Does using 8 or 16bit variables save up RAM?

[WS2812B]

It may be a stupid question:

I know that on 8bit AVRs RAM can be saved up by using uint8_t or similar variables if the value wont exceed the range.

My question is if using 8bit or 16bit variables will save up RAM on a Teensy 3.6 board. I am asking this because the OctoWS2811 library uses an IntArray to store 24bit RGBValues.

 

[Theremingenieur]

It's often a trade-off between RAM usage and speed, since 32bit aligned memory reads are faster. But in that special case, if I remember well, the 24 bit RGB data is packed to not to waste 8 bits.

Edit: You got already the answer, thus why do you re-ask? Why Int instead of 3 bytes for RGB?

If you need deeper understanding of the memory organisation in modern ARM Cortex M4 MCUs, you'd study the reference manual. Or, in a more empiric way, just write some test code with your different variable formats, compile it with the different optimization options and look at the verbose output of the compiler which will tell you how much RAM and flash memory are used.

 

[WS2812B]

I got the answer why it uses 32bit sections but I also asked the above question and got no answer. That's why I 're-ask'. Thank you.

 

[MichaelMeissner]

If you declare something with an explicit length (uint8_t, uint16_t, etc.) it will take that many bytes in memory (i.e uint8_t will take 1 byte, uint16_t will take 2 bytes, etc.). Note, anything larger than 1 byte may be subject to padding, depending on the underlying architecture, and the ABI (application binary interface) that the compiler uses. Some processors will generate an exception if you use a 2/4/8 byte memory instruction and the address is not aligned properly. Other processors will execute the load/store more slowly if the address is unaligned. You can even get systems that some memory accesses can deal with unaligned data, and some can't (typically this would be uncached memory). IIRC, on the Teensy 3.2, there are logically two banks of memory, and unaligned accesses work everywhere except when the access crosses that boundary, but you only see this if you are explicitly converting char * pointers into int *.

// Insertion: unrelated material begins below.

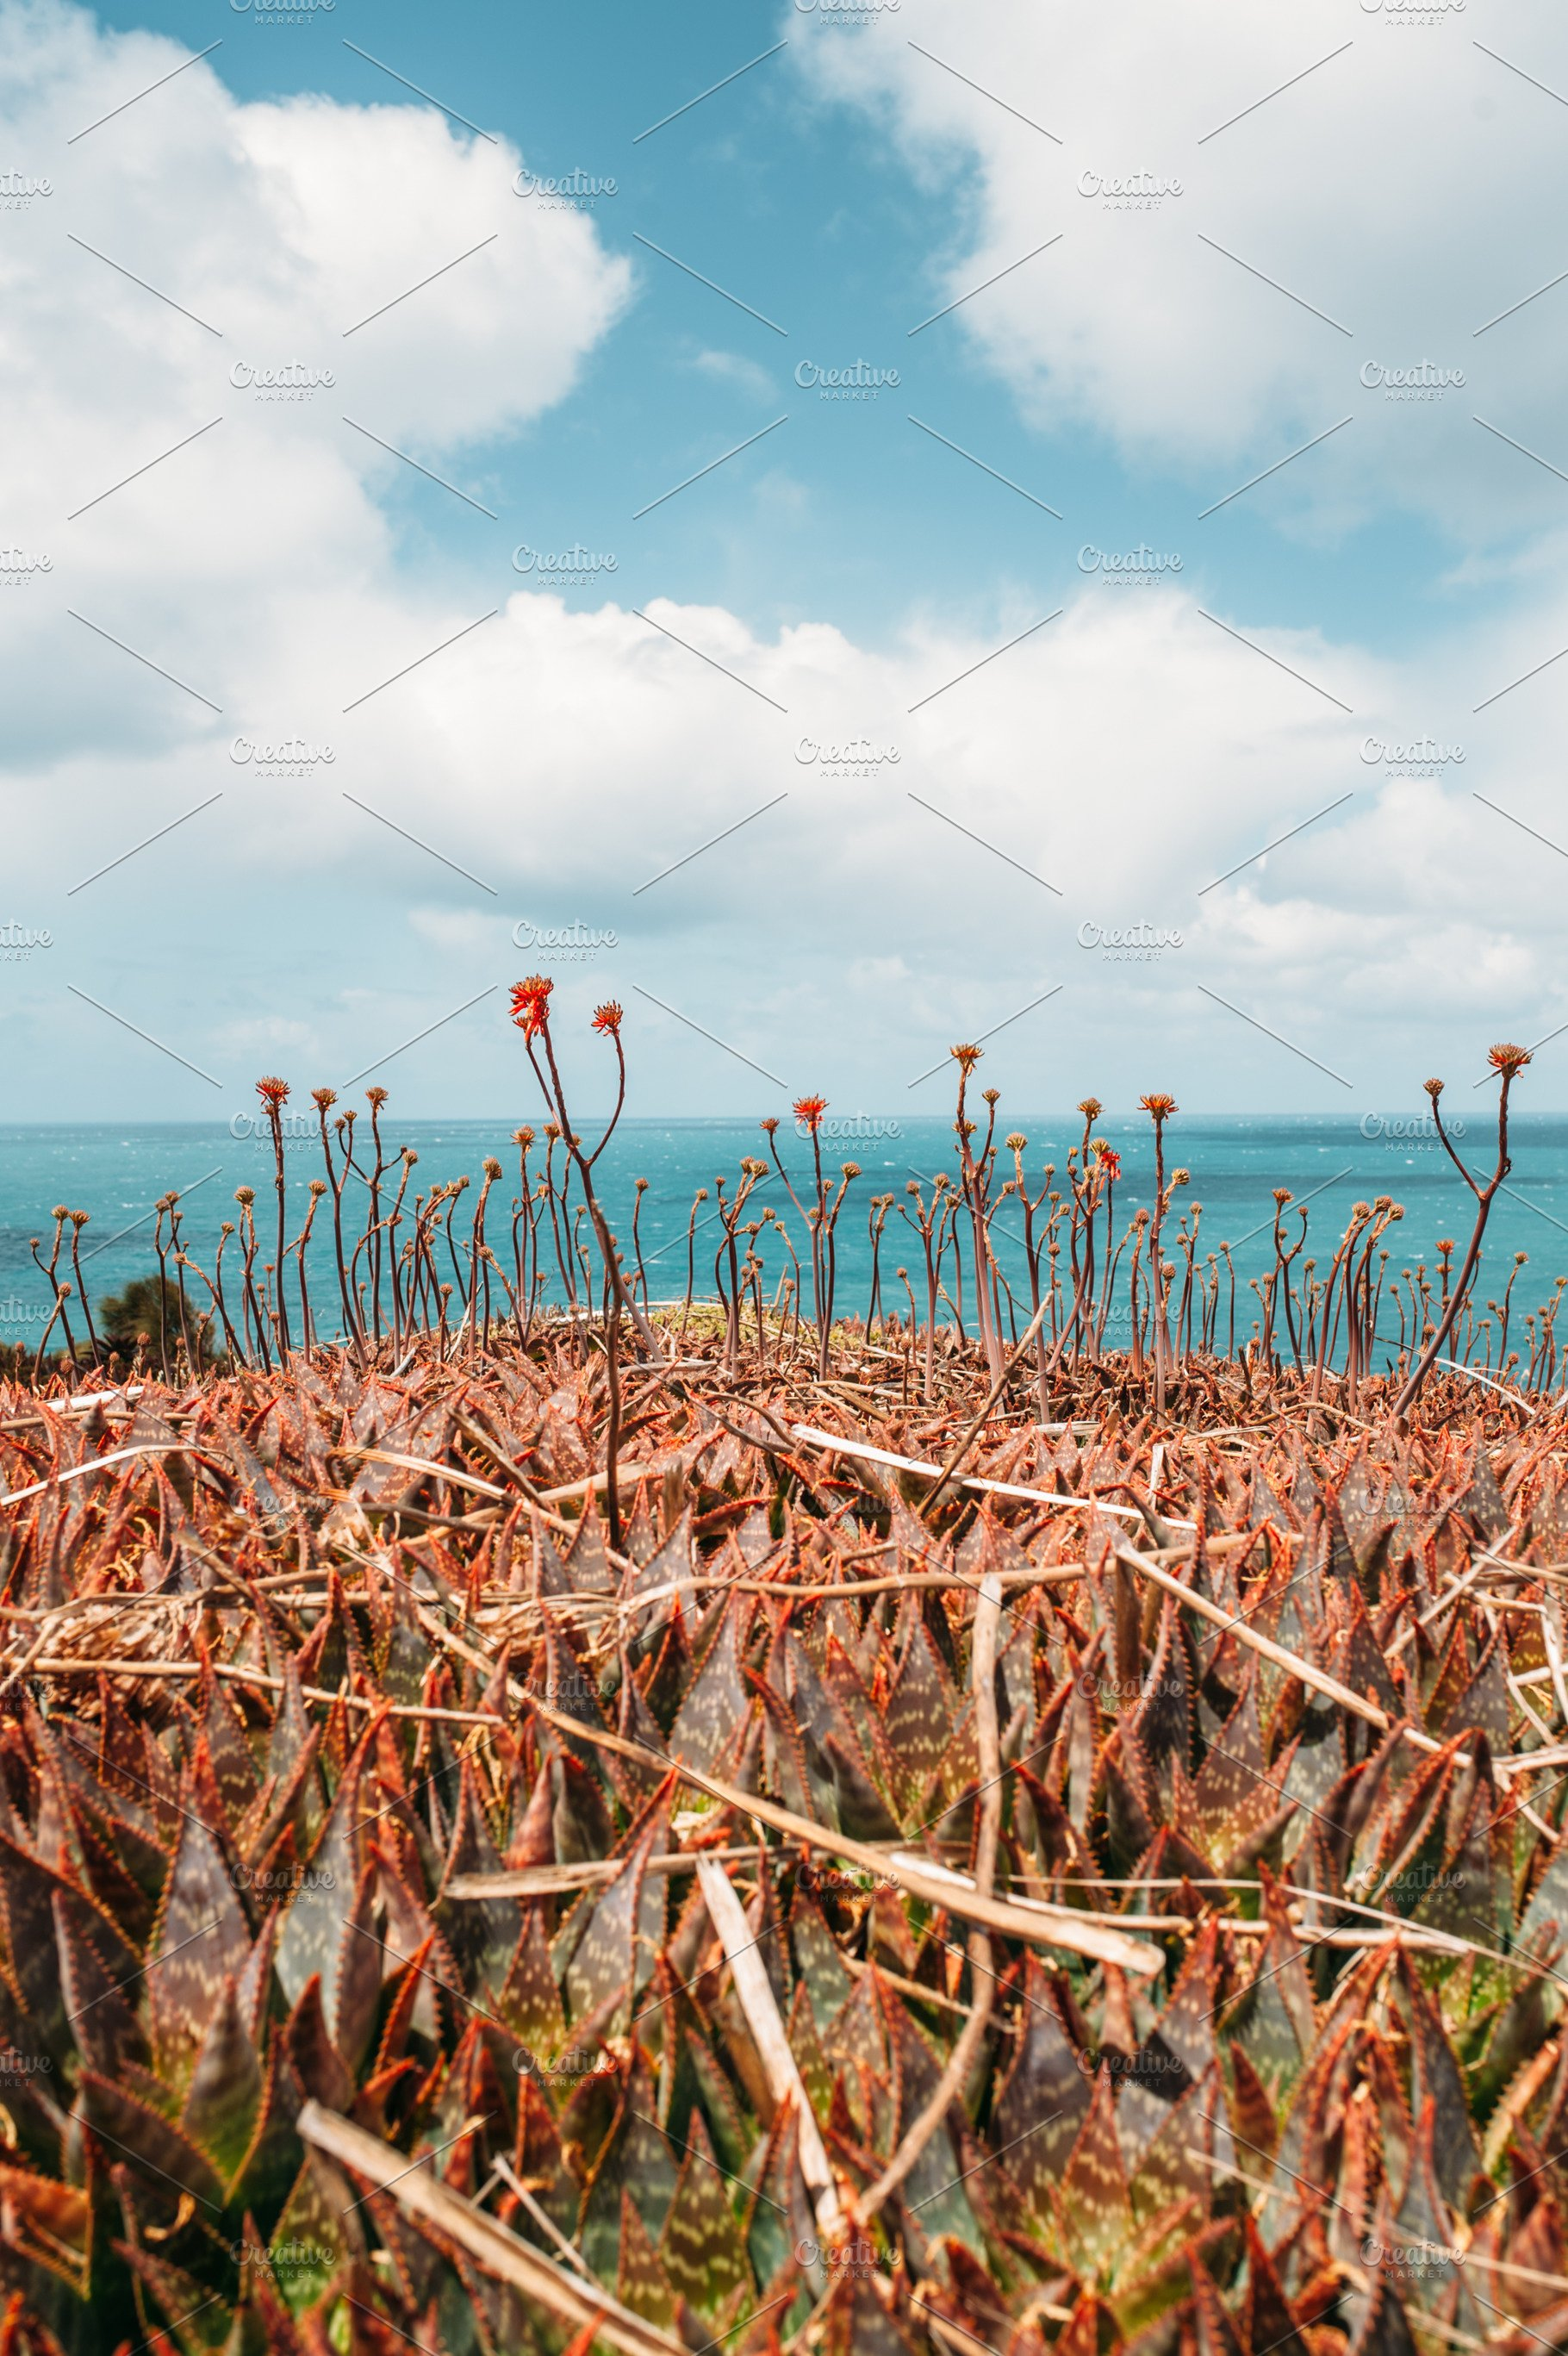 Aloe Vera flowers against blue sky

For example, consider this example structure:

struct foo {
    uint8_t a;
    uint16_t b;
    uint8_t c;
    uint16_t d;
};

On many systems, there would be a 1 byte hole between the fields a' and 'b' and a 3 byte hole between 'c' and 'd'.

The ISO C/C++ standards demand that the compiler behave as if the types smaller than int be converted to int or unsigned int before doing arithmetic/logical operations on it. Some processors have 8/16/32/64-bit arithmetic operations, some only have 1 or 2 sets and the other sizes must be done by multiple instruction sequences. Typically processors will have memory operations that take a 1, 2, or 4 byte item and load it into a 32-bit or 64-bit register to do arithmetic/logical operations. It is rare for a processor to provide 3, 5, 6, or 7 byte memory operations (except for special string handling instructions).

Thus if you declare something to be uint8_t, it can save memory if you have a large array. When it is being processed in the registers, it is likely to be done in a 32-bit register (on the Teensy) using instructions that take 32-bit inputs and produce 32-bit outputs. It is then converted back to 8-bit when you store it to memory. If the value is used in another calculation before storing it to memory, the compiler may need to do a conversion from 32-bits down to 8-bits.

This storage to memory (or an in-register conversion) will eliminate the upper bits. So if you have an uint8_t value that has 255 in it, and you add 1 to the value, it will be 0 instead of 256, if you read the value.

For example, consider this case:

    uint8_t a = 250;
    // ...
    if (a + 10 > 251) {
        println "yes";
    else {
        println "no";
    }

This will print "yest" because the a is logically converted to int and 250 + 10 is 260, which is valid.

But if you wrote:

    uint8_t a = 250;
    // ...
    a += 10;
    // ...
    if (a > 251) {
        println "yes";
    else {
        println "no";
    }

It would print "no" because storing the value back into a truncates the value.

 

[WS2812B]

Thank you.

 

[PaulStoffregen]

Every time you compile with Arduino, you should see a message like this:

Global variables use 12528 bytes (4%) of dynamic memory, leaving 249616 bytes for local variables.

If you are unsure about memory usage, you can try adding variables to your program and watch this number.

You should be aware of the padding issues MichaelMeissner mentioned. Sometimes the padding gives unexpected results, possibly allocating your variable in space that was previously "wasted" for padding, sometimes add the space for the new variable plus padded. Also you should know the compiler is very good about knowing if you never actually use the variable and not allocating it at all, such as cases where it is always a known value.

Also you should know local variables are allocated on a dynamically changing stack, so Arduino can only show you the usage for your global variables. Most Arduino code and libraries are designed to allocate larger data, like the OctoWS2811 buffers, as global variables.

But the point is Arduino gives you the actual memory usage info every time you compile. You can observe this info to get answers specific to your actual program.